Michael Jordan was not the kind of guy you wanted to piss out. Not only because he was the best player on earth, the face of the league and the heart and soul of the Chicago Bulls, but because he was also a man of his word.
If you wanted Michael to do something, you just had to tell him he wasn't capable of doing it. But if he promised you one thing, he was going to live and die by his word, even if that meant retiring from the game he loved so much.
That's exactly what happened when Jerry Krause announced that Phil Jackson wasn't going to continue as the Chicago Bulls' coach regardless of the outcome of the 1997-98 season, and openly admitted that Scottie Pippen was on the trade block.
Jordan was furious about the news and even addressed some campers back in 1997 to promise he would retire if they traded Scottie or fired Phil Jackson. Talking without the slightest hesitation.
"I'll retire if they trade Scottie Pippen. (...) Jerry Krause announced on national tv that this is Phil Jackson's last year as coach. (...) If that's true and it's Phil Jackson's last year, then it's my last year," Jordan told the campers.
Needless to say, Michael stood by his word and announced his second retirement when Krause didn't extend Phil Jackson's contract, even though they didn't trade Pippen midseason. Perhaps Krause thought Jordan was bluffing, but the GOAT always delivered what he promised.

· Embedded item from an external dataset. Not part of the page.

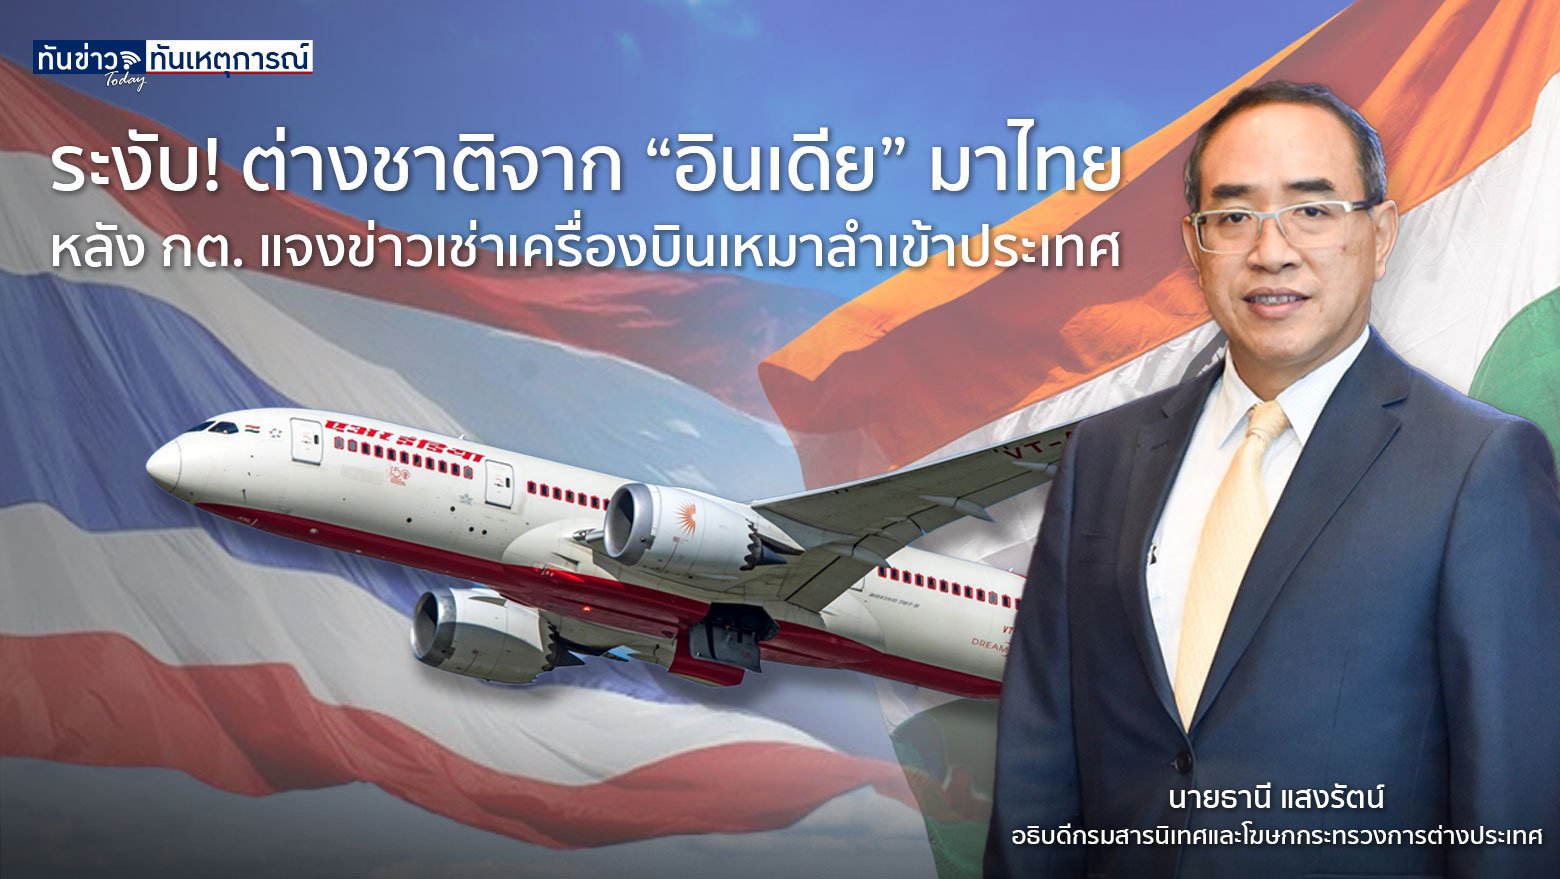 ระงับ! ต่างชาติจาก “อินเดีย” มาไทย หลัง กต. แจงข่าวเช่าเครื่องบินเหมาลำเข้าประเทศ

It's crazy to think that Jordan retired for three seasons and then came back to average 22.9 and 20.0 at age 38 and 39. Perhaps, if Krause would've kept Jackson, the Bulls could've competed at the highest level for another five seasons.
Gladly for us, Jackson's departure paved the way for him to make it to the Los Angeles Lakers and give us another dynasty, but it's sad to think the Bulls could've had another Championship run in them.